At the urging of my fellow English teacher, Erin, and my student who I adore because she adores English class, I read The Kite Runner. My student, having read and loved the book herself, very much wanted me to read it and brought me in her copy to borrow. It was a really cool experience to have the English student recommending and lending a book to the English teacher. I brought it with me to my parent’s house for the holidays, and engorged its near-400 pages in less than 3 days.
My review of Khaled Hosseini’s The Kite Runner:
The story begins with our protagonist, Amir, a child of ten, living luxuriously in Kabul, Afghanistan circa 1970. These days, I learned, were a fruitful time in Afghan history, the days pre-Taliban. Amir lives with his philanthropic, widely revered father, Baba, and in a hut on their property lives Baba’s lifelong servant, Ali, and Ali’s son, Hassan, who is a year younger than Amir. Hassan is Amir’s best friend, although Amir never quite admits that to himself or to others due to the fact that Hassan is a Hazara, a race of people looked down upon by the Afghans. To the reader, Hassan is immediately adorable–he has an unfettered loyalty to Amir, an infinite propensity to forgive, and he is the fastest “kite runner,” which means that when a kite is brought down during a kiting competition, he can track the falling kite with more success than anyone. As Amir takes the reader into various engaging stories, situations, and recollections of his childhood, we become acutely aware of his shortcomings: his cowardice, which glower in a sharp contrast to Hassan’s endearing qualities, and his insecurities that are constantly triggered by Baba’s near-rejection of him. In Amir’s attempts to be embraced wholly by his distant father, he goes to lengths that are both pitiable, reprehensible, and that ultimately leave him haunted and disgusted by his actions. In his suffering, and as he learns to deal with himself, a self he abhors, I found myself aching with Amir– for who can’t relate and bemoan their past and events that happened that we forever long to go back and change, but tragically can’t?

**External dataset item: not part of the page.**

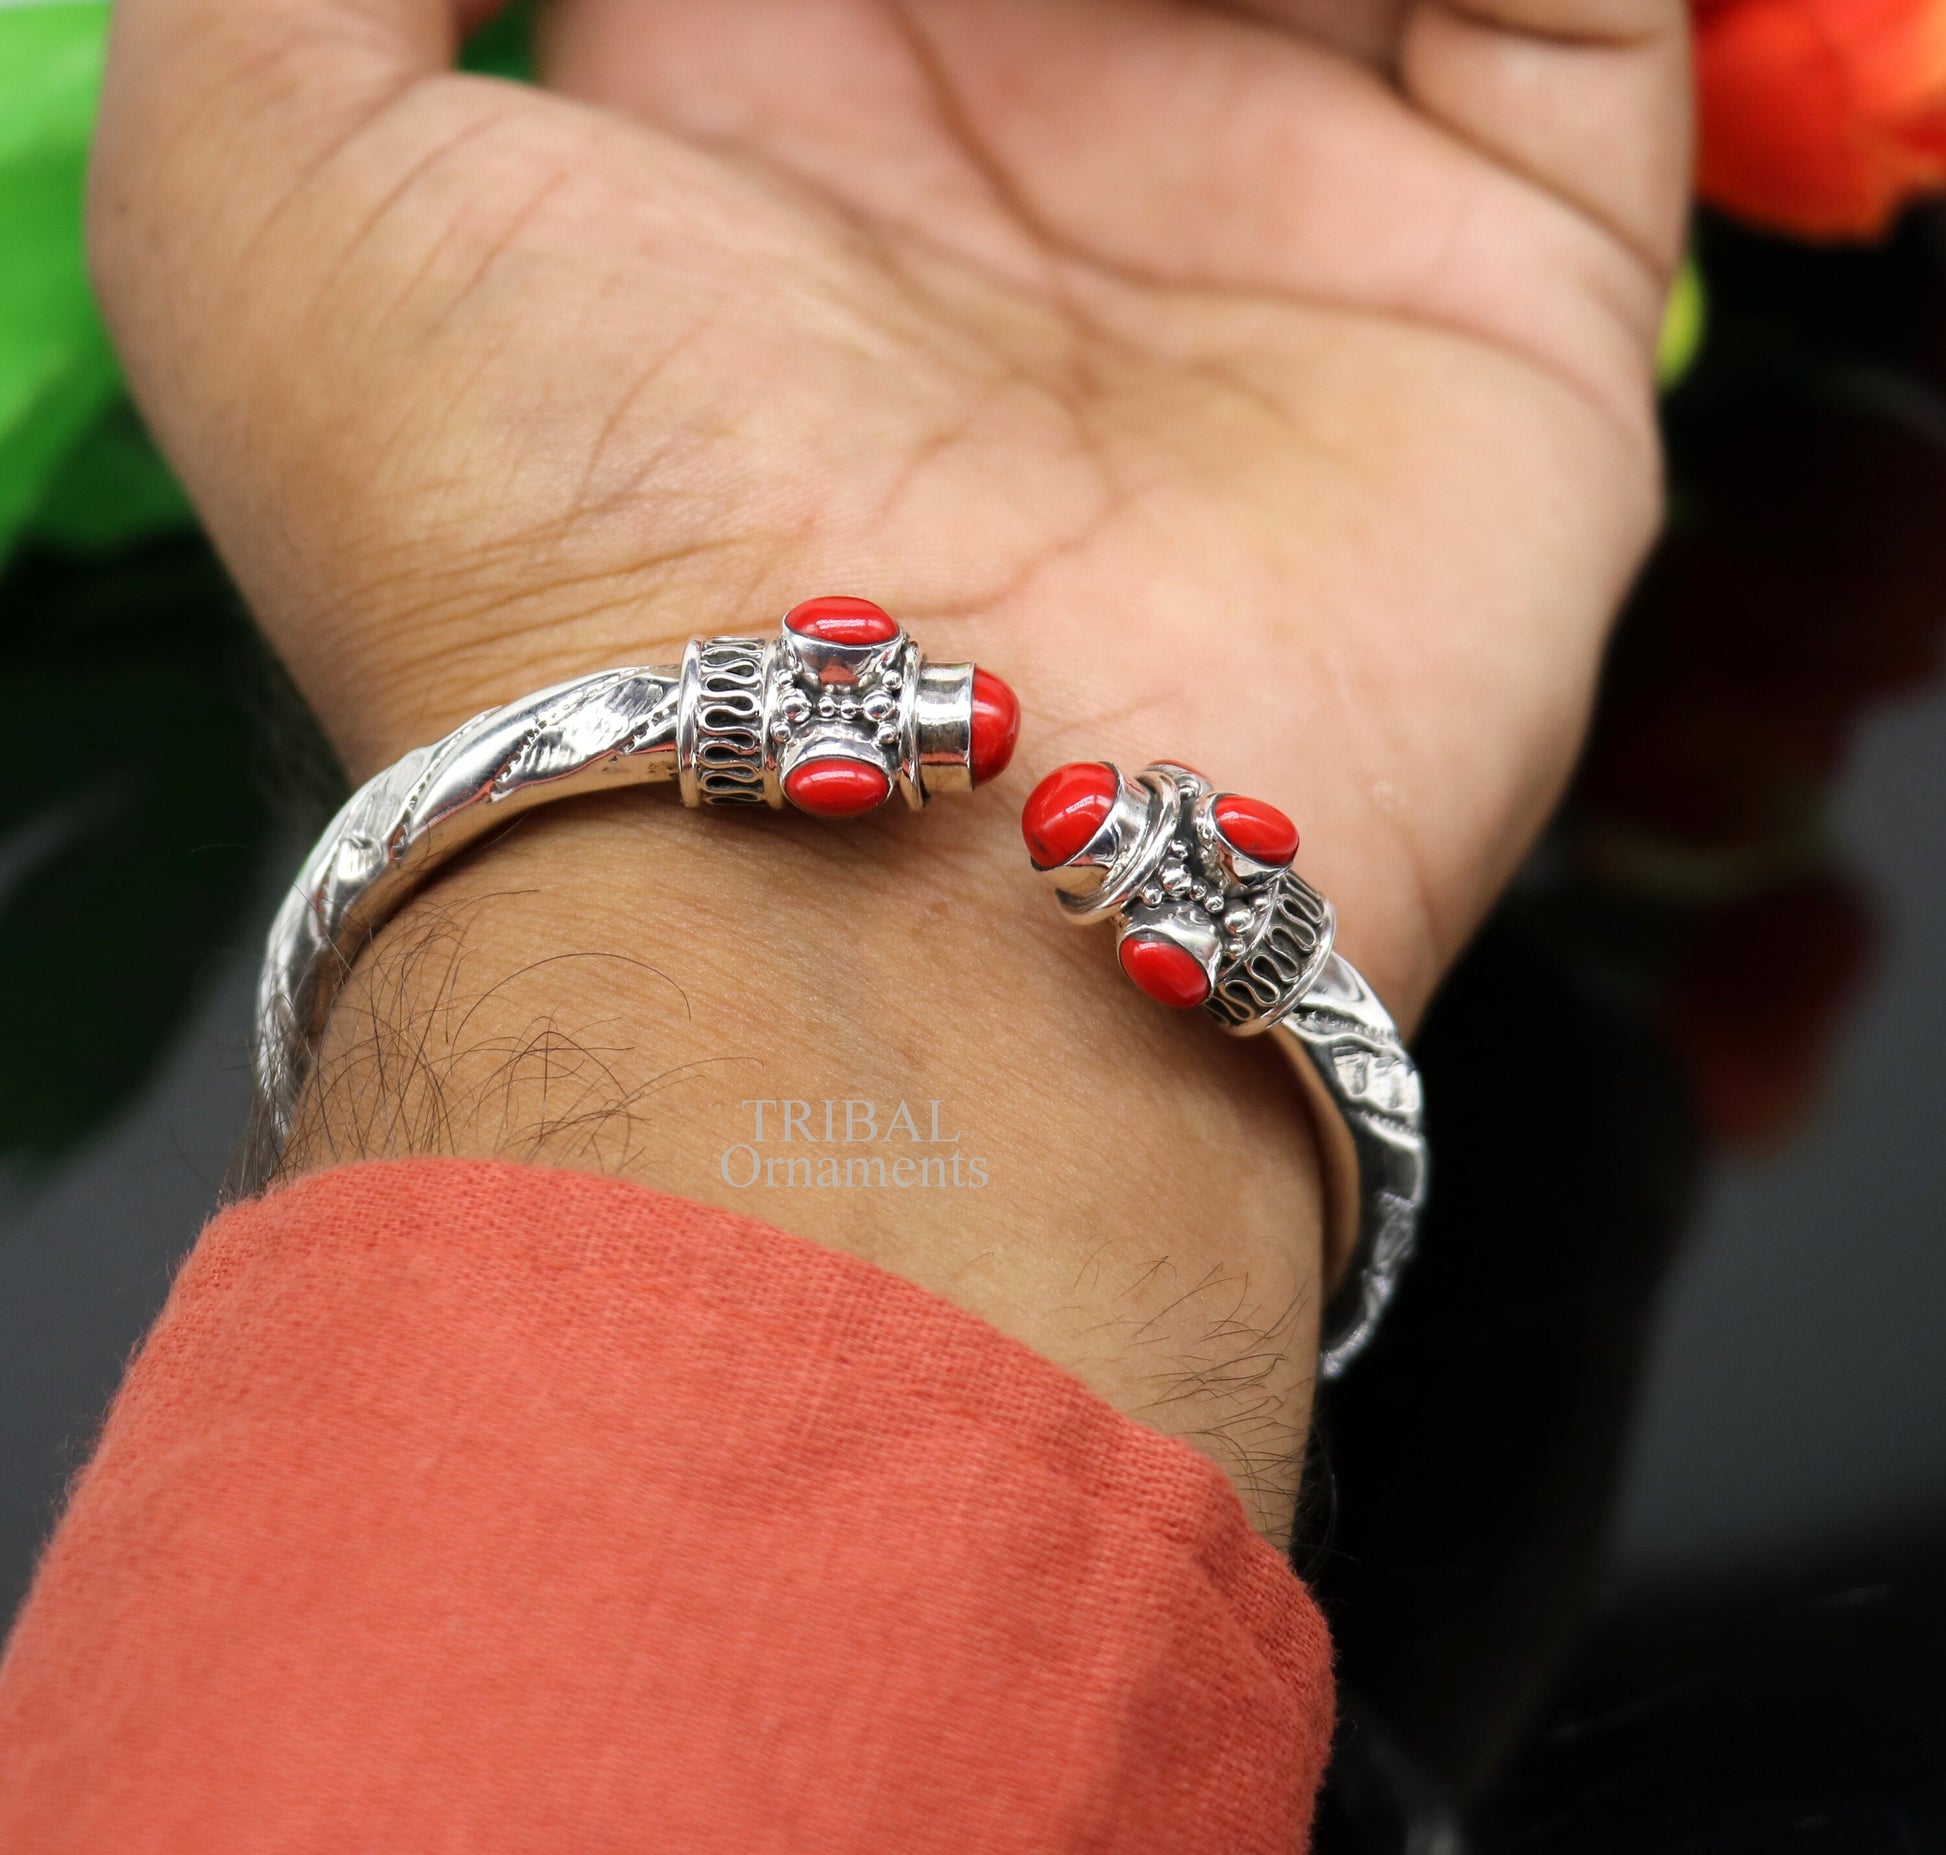 Designer 925 sterling silver handmade gorgeous red stone antique design bangle bracelet kada, fabulous wrist jewelry tribal jewelry nsk103 - TRIBAL ORNAMENTS

The story fluidly takes us into Amir’s adulthood where he is living in California after he and Baba escaped the Taliban regime years before. Here, Amir pursues his writing passion, one of his passions that was never quite understood or accepted by Baba. Amir marries, has success in his writing career, but is still unable to free himself from his long-past transgressions. Fortunately, and as with all truly good stories, an opportunity comes for Amir to find redemption when he is phoned back to Afghanistan and he finally finds himself willing to step outside of his weaknesses in order to “be good again.” After years of living in shame and self-contempt, Amir willingly enters into multiple dangerous and sacrificial situations in order to be a man that he can live with. In one scene, Amir comes face to face with his and Hassan’s childhood tormentor, a neo-Nazi maniac, named Assef, and is able to conjure up the courage to make a moral–and violent– stand against Assef’s torturous actions against Hassan’s son.There are ways that the idealistic reader will be left disappointed: Hassan and Amir don’t get the chance to meet as adults, and the while the novel ends with hope, it does not evade the reality that life does not always leave relationships squarely worked out. A deeply visceral, emotive novel, The Kite Runner adeptly accomplishes multiple tasks: it exposes the foreign reader to the Afghan world, it connects the reader with their own nagging sins and their consequences, and it leaves the reader hopeful that, within a lifetime, God will give us opportunities to transcend our shortcomings and become someone better.